Life Edit is looking for an experienced CMC professional with strong organizational, strategic, and communication skills, and the desire to be part of a highly collaborative and cross-functional team. The successful applicant will define and execute on CMC strategy for Life Edit’s clinical programs. . A strong background in CMC and process development, and experience with mRNA and/or protein manufacturing will be critical for success in this role. This is an exciting opportunity to help build a successful therapeutics company from an early stage.

Here’s What You’ll Do:

Develop and direct the CMC strategy to support Life Edit’s clinical development programs
Establish goals and ensure operational execution of CMC development plan
Oversee external process and analytical development to support the manufacturing of proteins, mRNA and synthetic guide RNA for cell therapies
Collaborate effectively and leverage internal R&D, technical operations and quality teams as needed to achieve goals
Serve as a contact for interactions with regulatory agencies including preparation of relevant portions of IND filings (i.e. Module 3) and other regulatory communications
Maintain knowledge of regulatory guidance on cell and gene therapy CMC.

Job Requirements


Requirements:

Advanced degree (M.S. or Ph.D.) in biology, biochemistry, chemistry, chemical, biochemical, or biological engineering.
Experience entering biologic drugs into the clinic, IND (or equivalent) submissions, and preferably BLA (or equivalent) submissions.
Leadership experience in process and analytical development, working with CDMOs and CROs to support scale up and manufacturing.
Experience with ex vivo gene editing, and cell/gene therapies is highly preferred.
Substantial experience with the oversight of process development of the production and manufacture of proteins and/or nucleic acids.
Understanding of drug development and regulation and familiarity with current regulatory guidance related to cell and gene therapies.
Why join Life Edit Therapeutics?

Life Edit Therapeutics, an ElevateBio portfolio company, is a gene editing company on a mission to rewrite the future by curing disease, making any edit, anywhere. Life Edit has built a world-class genome editing platform with one of the world’s largest and most diverse collections of novel RNA-guided nucleases (RGNs) and base editors. The company’s next-generation editing systems will propel the development of novel human therapeutics by enabling ex vivo engineering for cell therapies and regenerative medicines and in vivo delivery of gene therapies.

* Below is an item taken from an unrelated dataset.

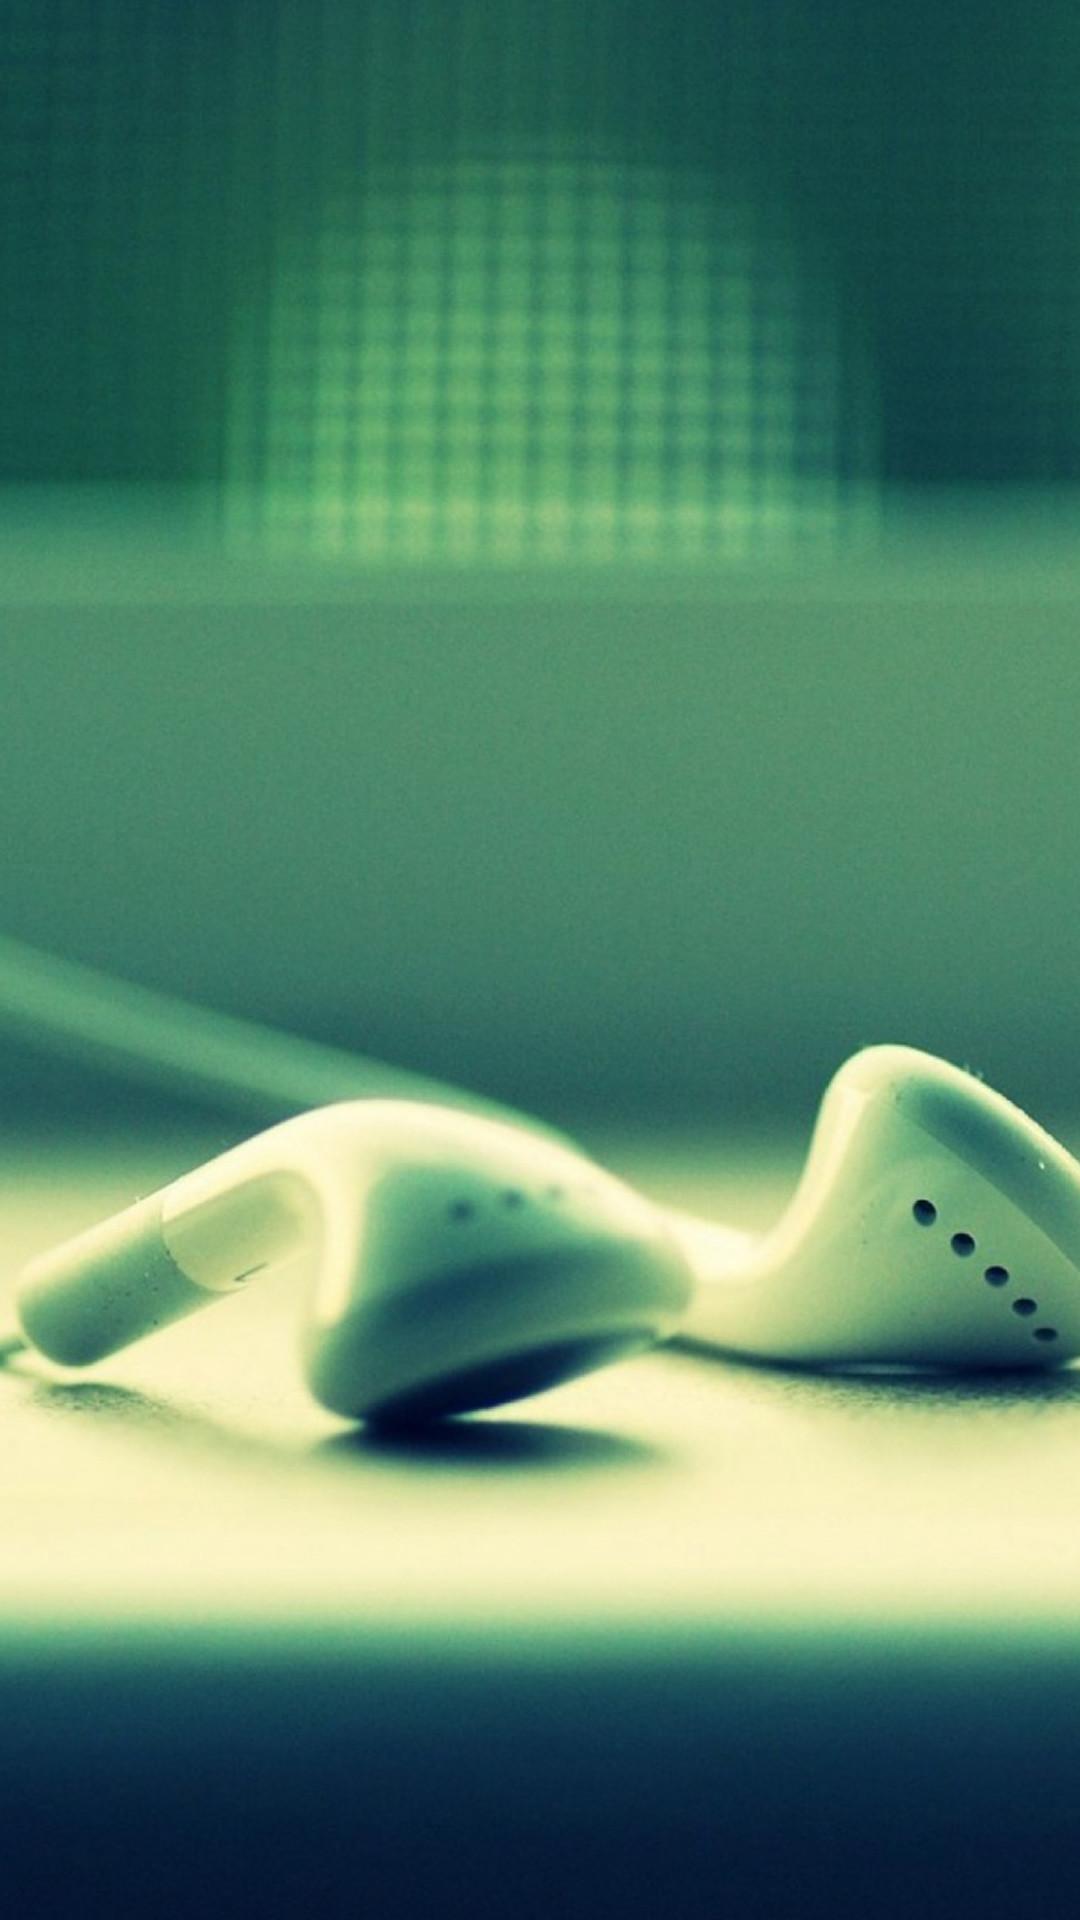 iPod Headphones Closeup #iPhone #6 #plus #wallpaper

Our Vision: To pave the way to faster, safer, gene editing therapeutics that cure disease and improve patient lives

Life Edit is committed to equal employment opportunity and non-discrimination for all employees and qualified applicants without regard to a person’s race, color, gender, age, religion, national origin, ancestry, disability, veteran status, genetic information, sexual orientation or any characteristic protected under applicable law. Life Edit will make reasonable accommodations for qualified individuals with known disabilities, in accordance with applicable law.
(Job number: 4052094)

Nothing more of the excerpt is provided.